Only one part of the listing is needed: the lines from the one with "Знак stone. Орнамент" through the last line, copied exactly and free of pictures.

__Source data__
+ + + + + + +
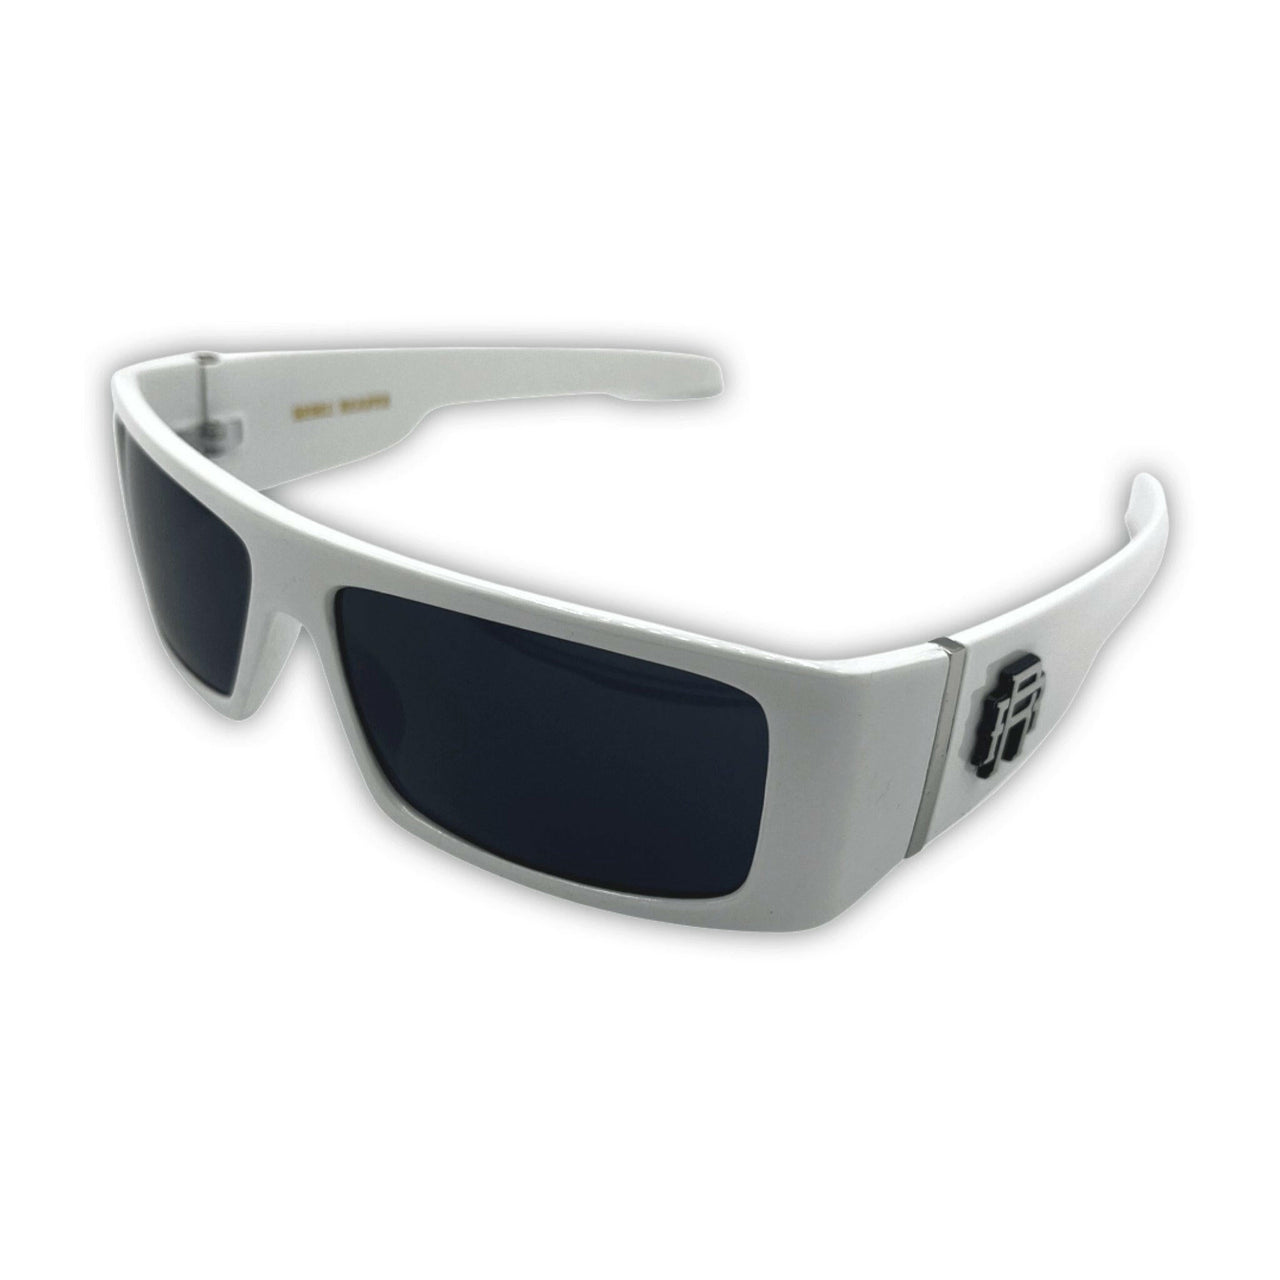 Slick White Sunglasses - Rebel Reaper Clothing Company sunglasses
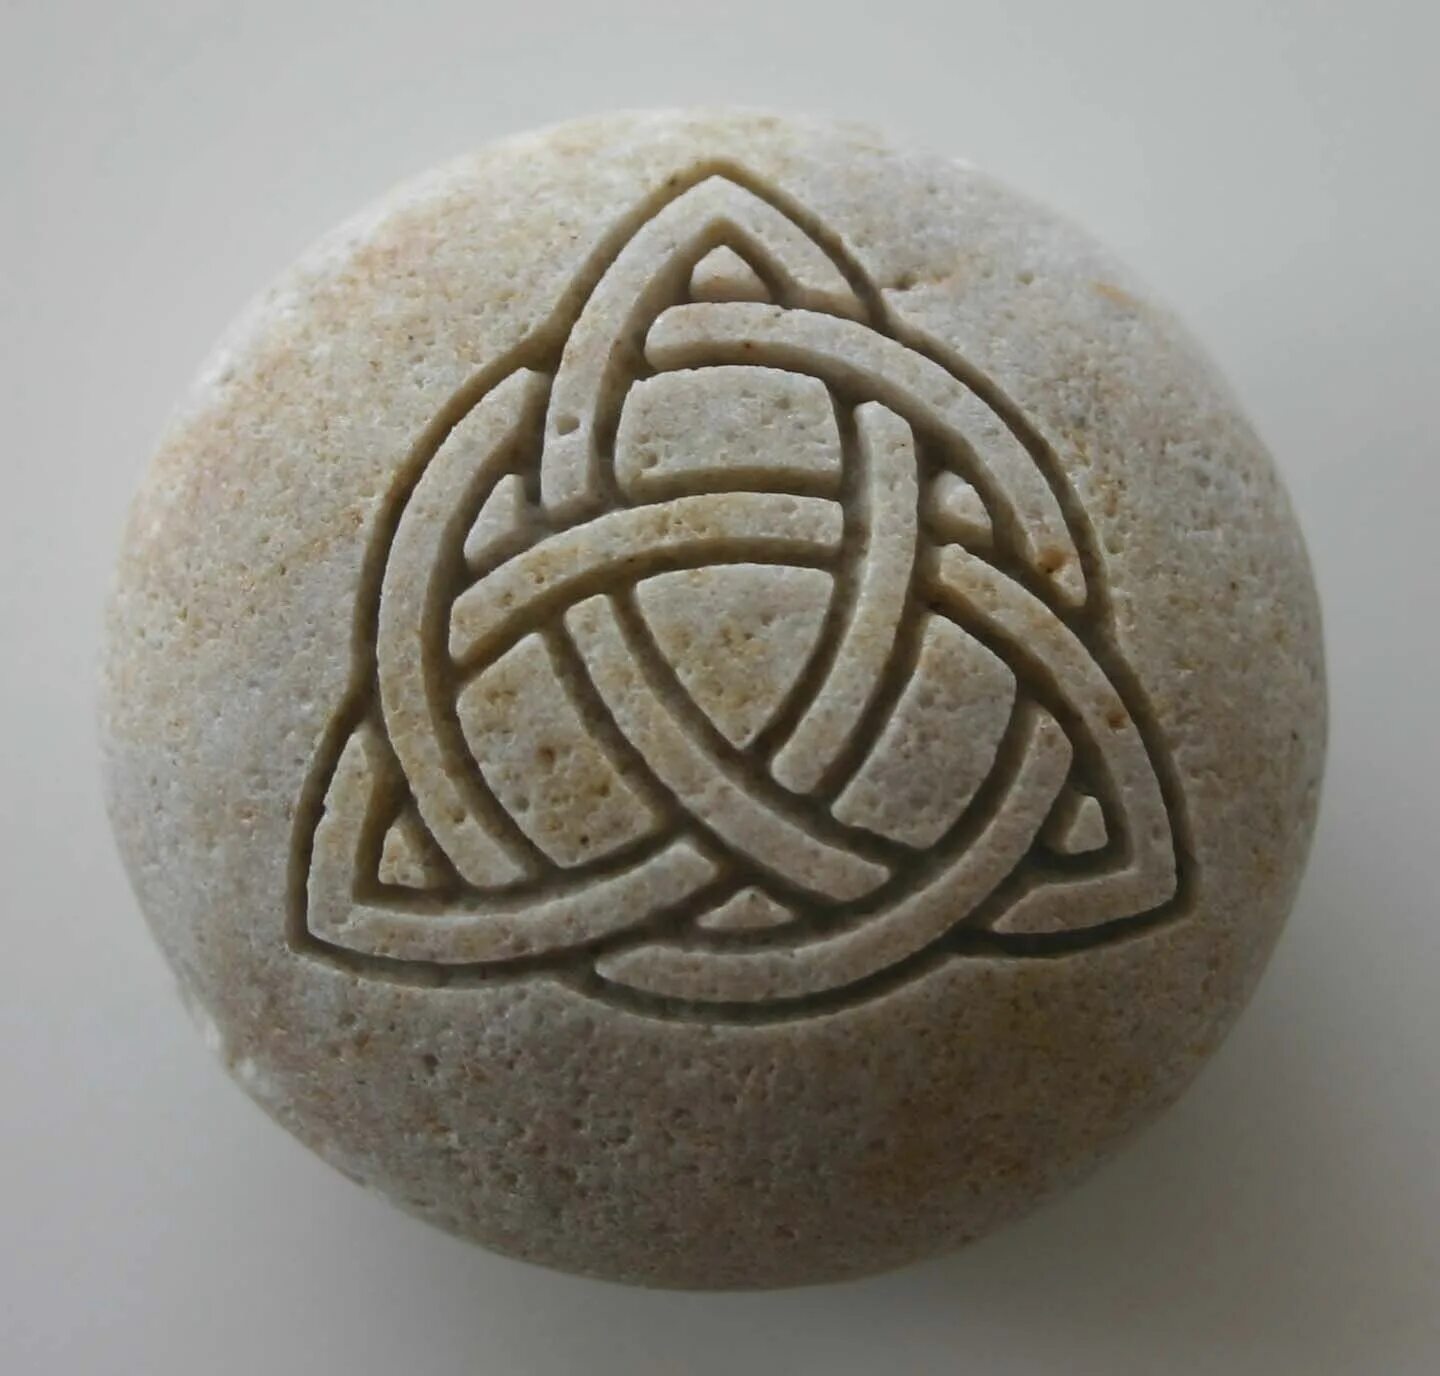 Знак stone. Орнамент на Камне. Кельтский узор на Камне. Кельтский орнамент на Камне. Символ камня.
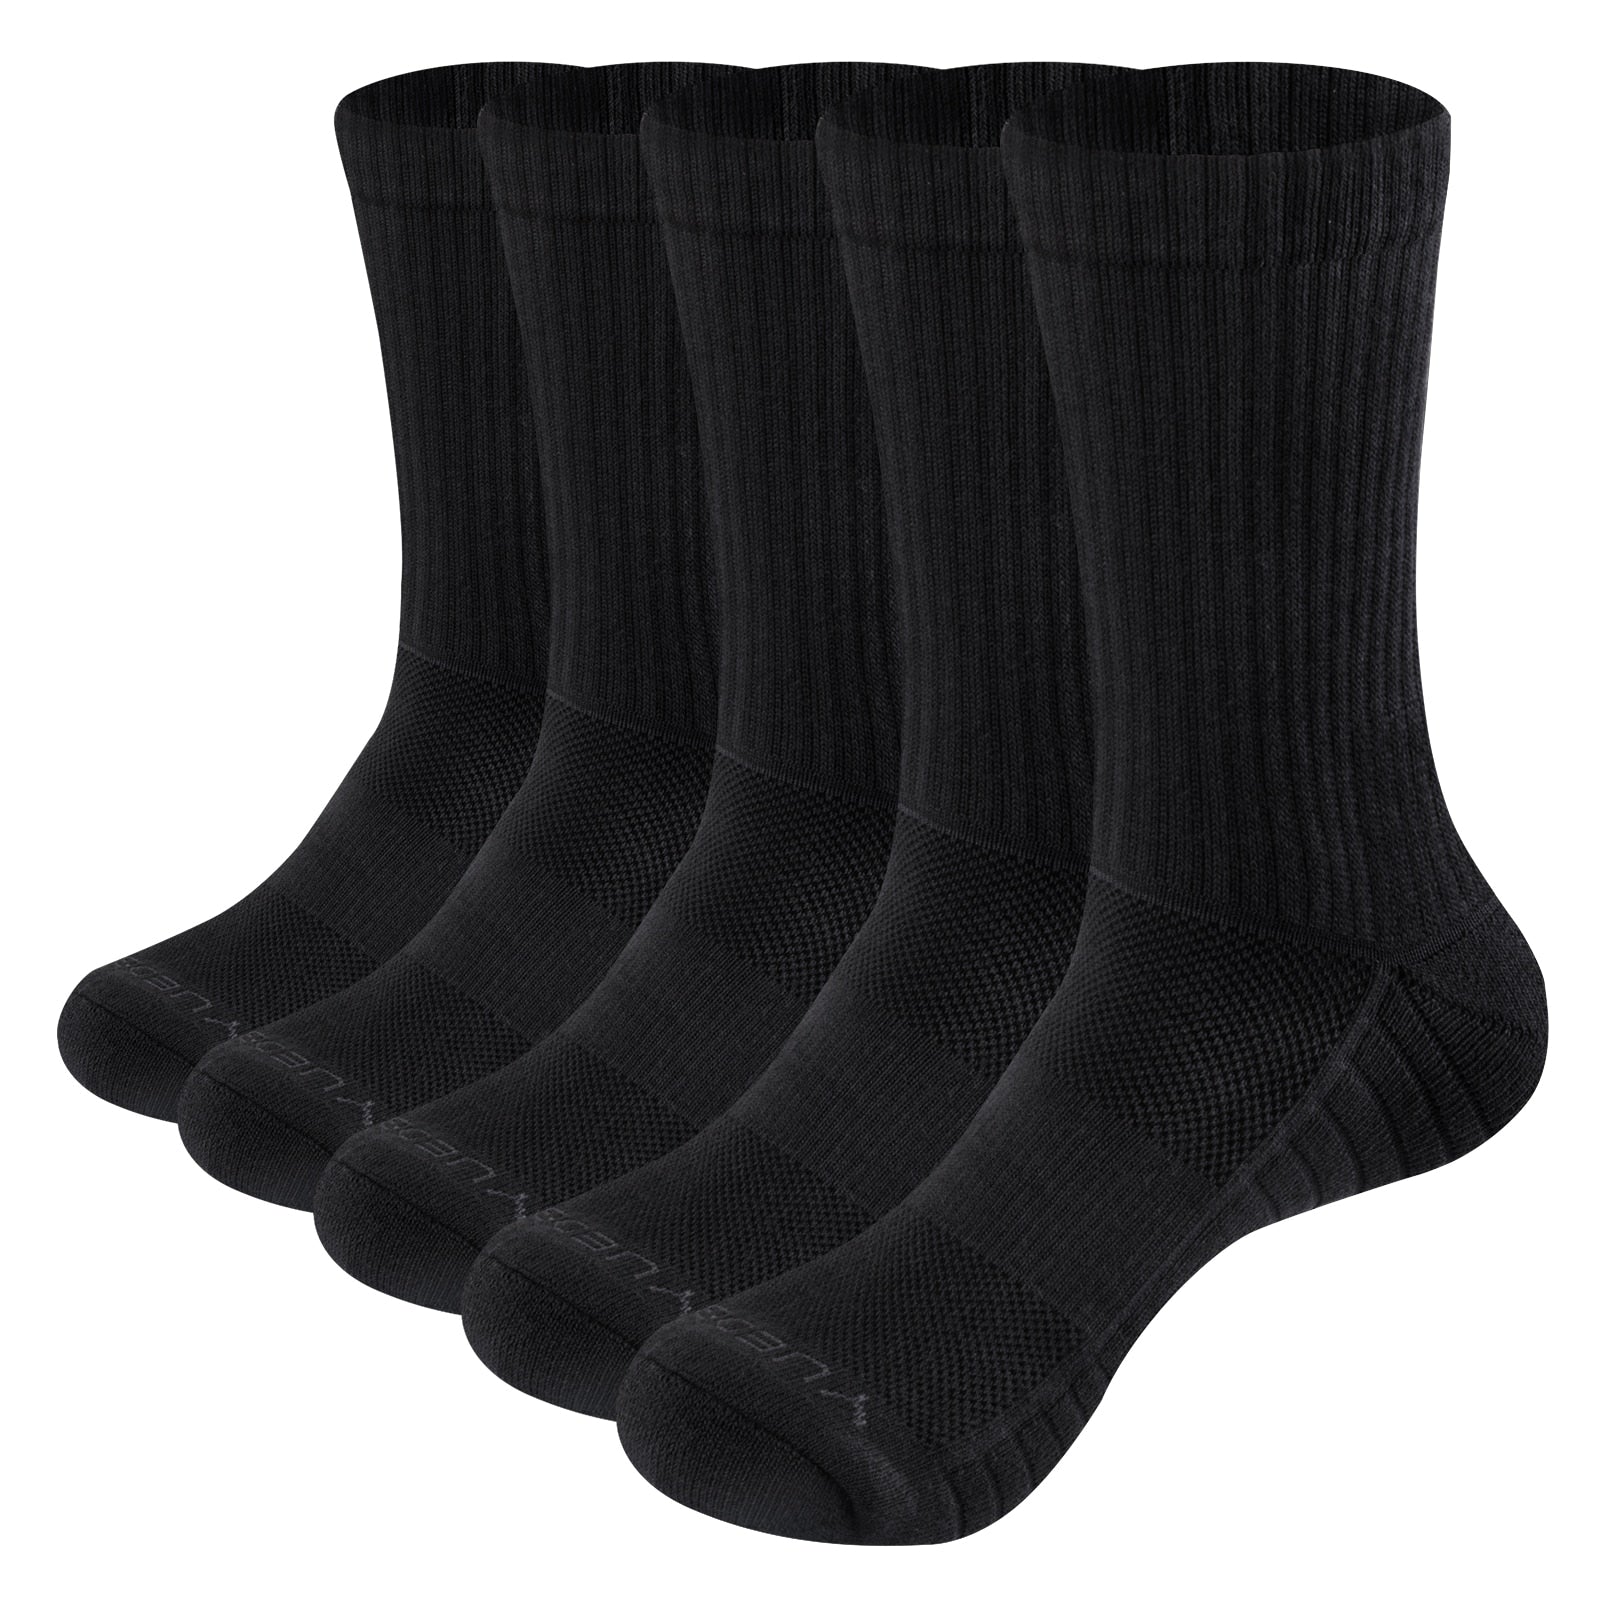 Buy black 5 pairs Thick Breathable Cotton Cushion  Hiking &amp; Trekking Socks 37-46 EU
+ + + + + + +
__Answer section__
 Знак stone. Орнамент на Камне. Кельтский узор на Камне. Кельтский орнамент на Камне. Символ камня.
 Buy black 5 pairs Thick Breathable Cotton Cushion  Hiking &amp; Trekking Socks 37-46 EU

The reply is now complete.